1) Automatic highlight timestamps saved to a channel
You simply press !highlight in chat, and the bot picks up the keywords and spits out a timestamp from the VOD of that exact moment into a Slack channel. Makes it easier for you or your mods to make VOD highlights later.
Looks like this:


2) Ban Log
Have a full, searchable history of WHO got banned and the last things they said right before they got banned or timed out. This is VERY USEFUL when you often will get PMs asking to be unbanned or want to keep your mods responsible. Currently, Twitch API does not tell you WHO did the banning, but, here’s what it could look like in Slack as a running record


3) Sub Log
Perhaps you send things to subscribers, or subscribers over a certain length of time. This automatically can keep history of subscribers for easy access:


4) Giveaway history
Ever forget who was supposed to get what from a giveaway? The bot can even keep track of that, if the results are put into chat by a different bot. Example:


Bot features like the above are extremely useful. Once Discord opens up for bot features, we plan on porting it over to be used in Discord as well.

Other tools that some people consider are the following:

1. Google Hangouts – Doesn’t have great text-based group communication. Usually people’s real-world email addresses and names are used, which can be awkward for streamers. The video chat hasn’t worked out great for podcasts. Generally not the best Skype replacement for those reasons.

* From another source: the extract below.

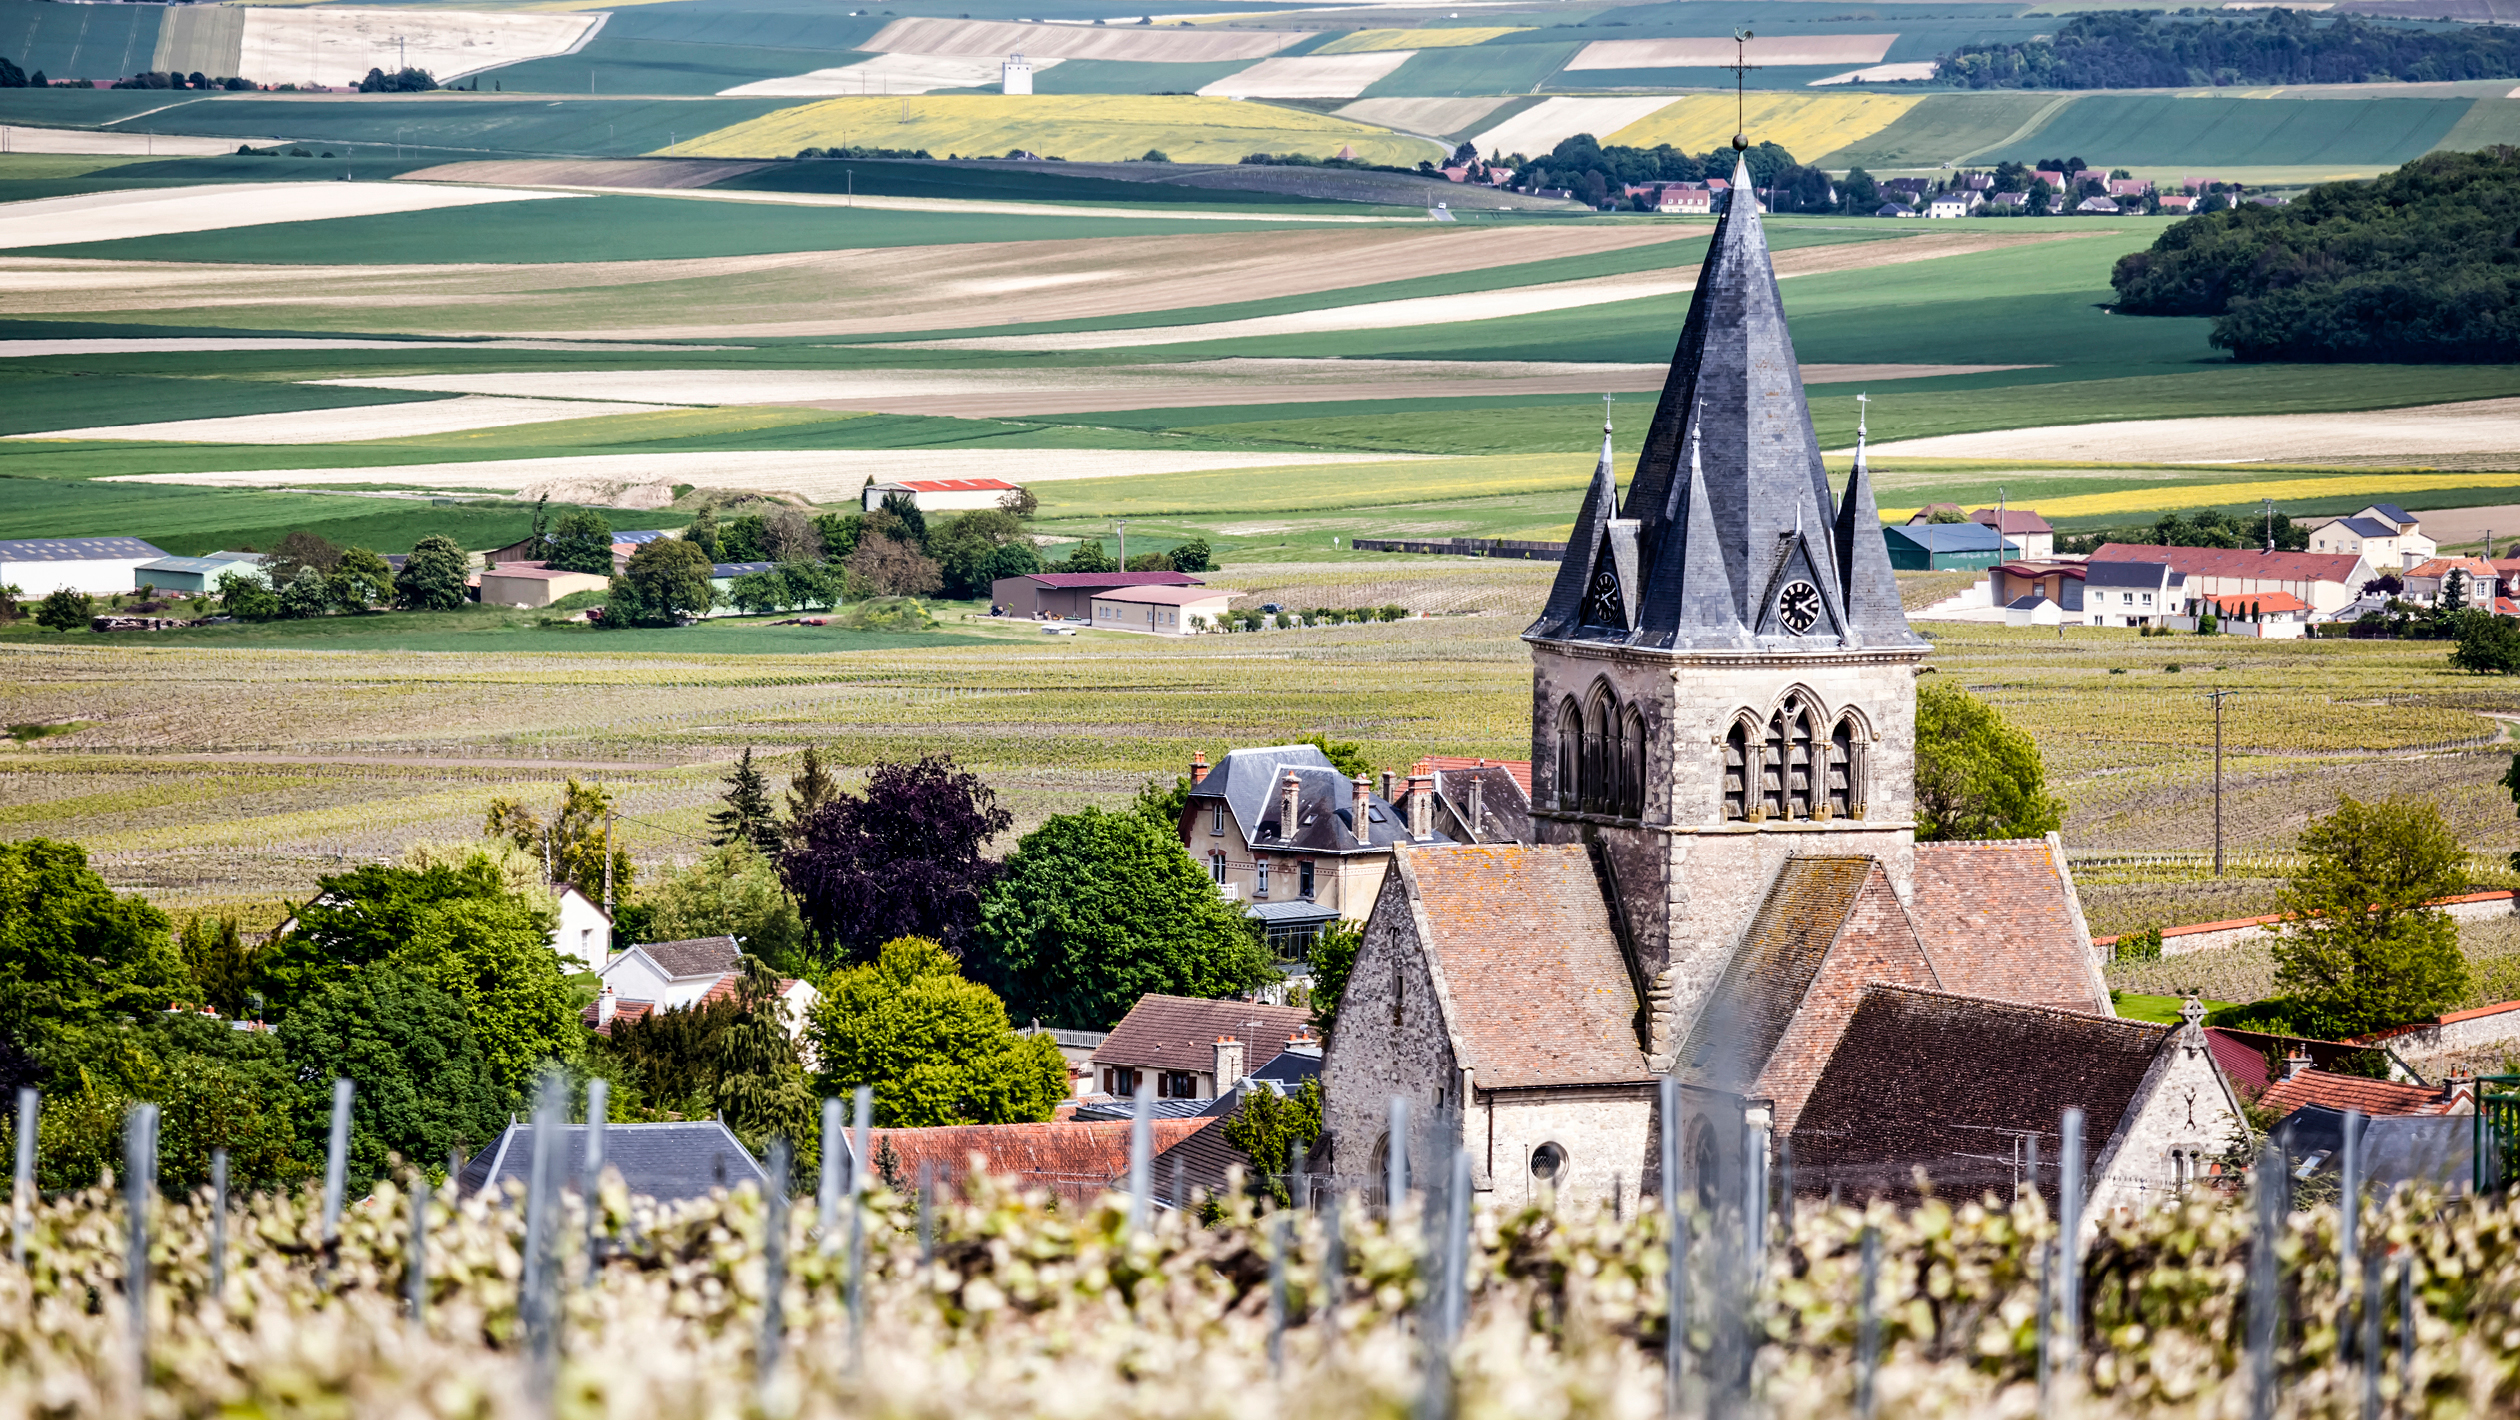 A journey through France's Champagne-Ardenne region

2. Wire – An upcoming clean, basic, group communication with HD group calls. Not a gaming product, but clearly aiming to take down Skype. It’ll be one to keep an eye on.

3. oovoo – Mostly just video chat.

4. hipchat – Very similar to Slack for base product, with a lot of integrations and deep chat functionality, but has options to pay to gain video chat and screensharing.

5. Zoom – Works well for video conferencing. Think podcasts.

6. – Works either with Slack or stand-alone for “blazing fast audio, video and screen sharing”. Simple. Just works.


Right now, in our opinion, it’s a split answer. You still need multiple tools to get the job done.

Discord makes the best lets-get-everyone-in-and-chat spot for your Twitch subscribers and works great as a Teamspeak replacement.

Slack works best as a team thing, so a heavily-integrated mod team may use this. You may use Slack AND Discord both for your channel. Some do, for the bot features.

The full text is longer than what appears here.